Snoop Dogg is fed up with the current state of the music industry. During a candid sit down with former Apple Music Creative Director Larry Jackson, the 51-year-old hip-hop veteran slammed the streaming industry, which has become a crucial part of how many artists are paid by digital music sites like Spotify and Apple.

Due to the complex structure of streaming, the “Doggyland” rapper argued that many artists in today’s field are having a hard time making a living off of digital music sales.

“Streaming got to get their s*** together ’cause I don’t understand how you get paid off of that s***,” Snoop Dogg said during an interview with Jackson at the Milken Institute Global Conference.
“Can someone explain to me how you can get a billion streams and not get a million dollars? That s*** don’t make sense to me.”

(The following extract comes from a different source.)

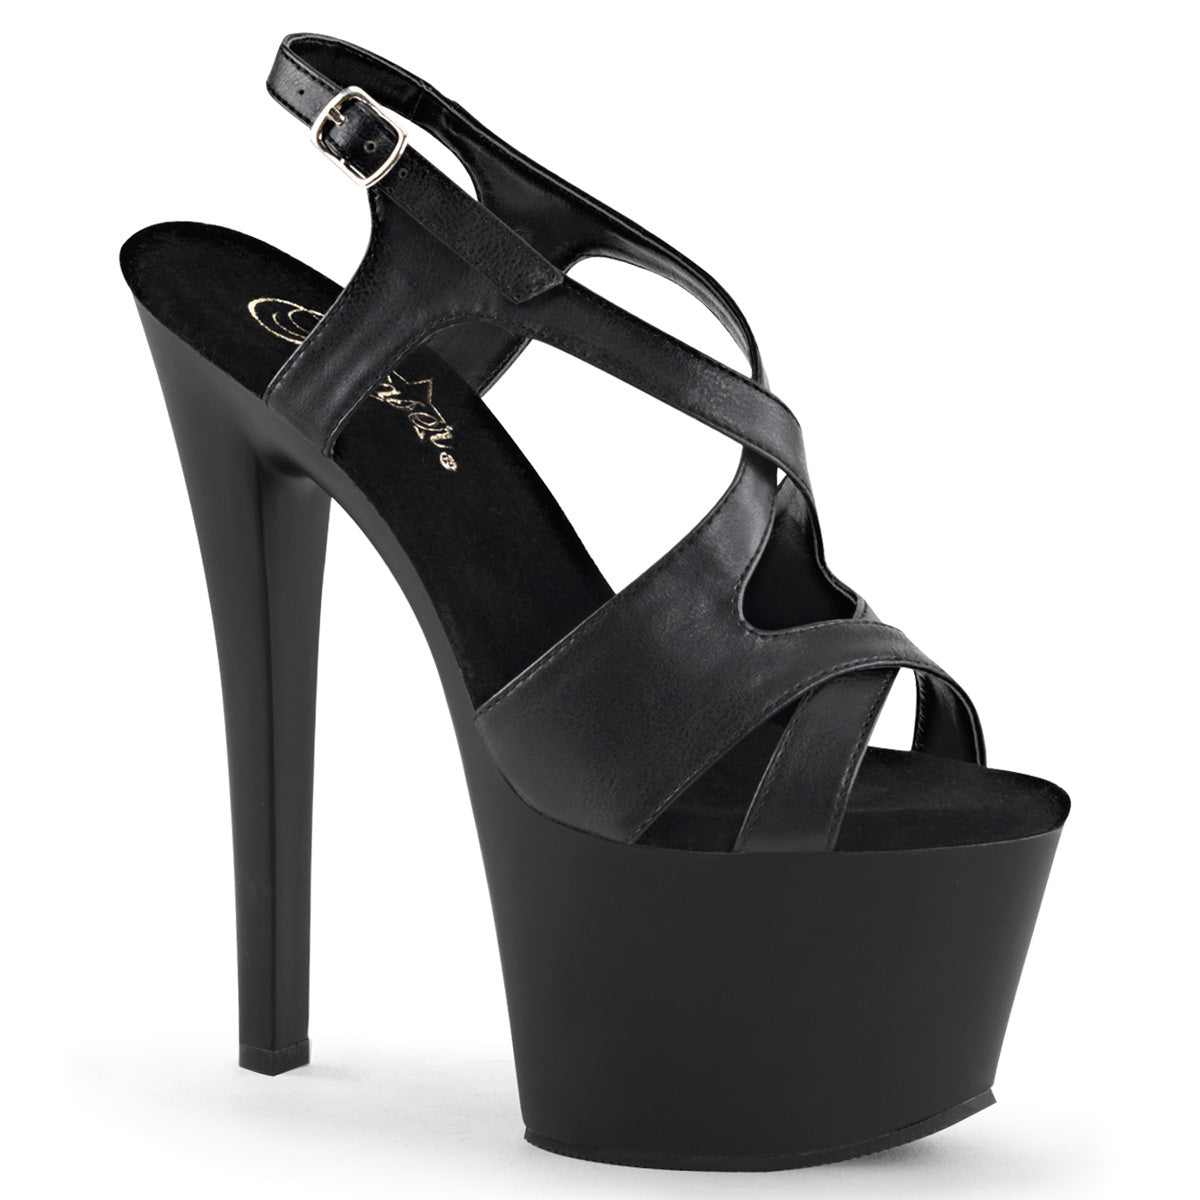 Black Tulipano high heel platform shoes with chains | Women's shoes |  Official archives of Merkandi | Merkandi B2B

Snoop Dogg went off the script and went in on streaming, AI and the writers strike pic.twitter.com/7vfl5Cpw1C

— Ahmed/The Ears/IG: BigBizTheGod (@big_business_) May 8, 2023

After an applause and a few laughs from the audience, the “Beautiful” hitmaker continued to slam the unfair practices of streaming. “I don’t know who the f*** running the streaming industry — if you’re in here or not — but n—-, you gotta give us some information on how the f*** to track this money down. Becuase the shit doesn’t add up. That’s the gripe with a lot of us artists that do major numbers with streams, that it doesn’t add up to the money.”
To break it down for the audience, Snoop Dogg recalled the early days of his success as a rapper in the ’90s. The hip-hop star told Jackson that his physical records would sell millions of copies and that he would retrieve a clear percentage of the earnings compensatory to sales earned. But with streaming, the Grammy Award-winner argued that it was difficult to tell how artists should be paid.
“So, if I sell how many streams, how much money do I get? It’s not working for the artists right now,” Snoop said. “I just want to speak to that in the music industry. That’s f**** up and we need to find a way to figure that out,” he added to Jackson. The father and famous toker also compared the disastrous streaming debacle to the writer’s strike currently going on in Hollywood. “The writers are striking because streaming. They can’t get paid!” he noted. 

The problem with streaming.

 A USA Today report from 2020 found that artists earn as little as $0.0033 per stream on certain platforms. Many services don’t pay per stream, but rather through a system based on “stream share.” For artists distributing their music on Spotify, this payment could vary depending on how music is streamed or agreements with licensors, according to the company’s website.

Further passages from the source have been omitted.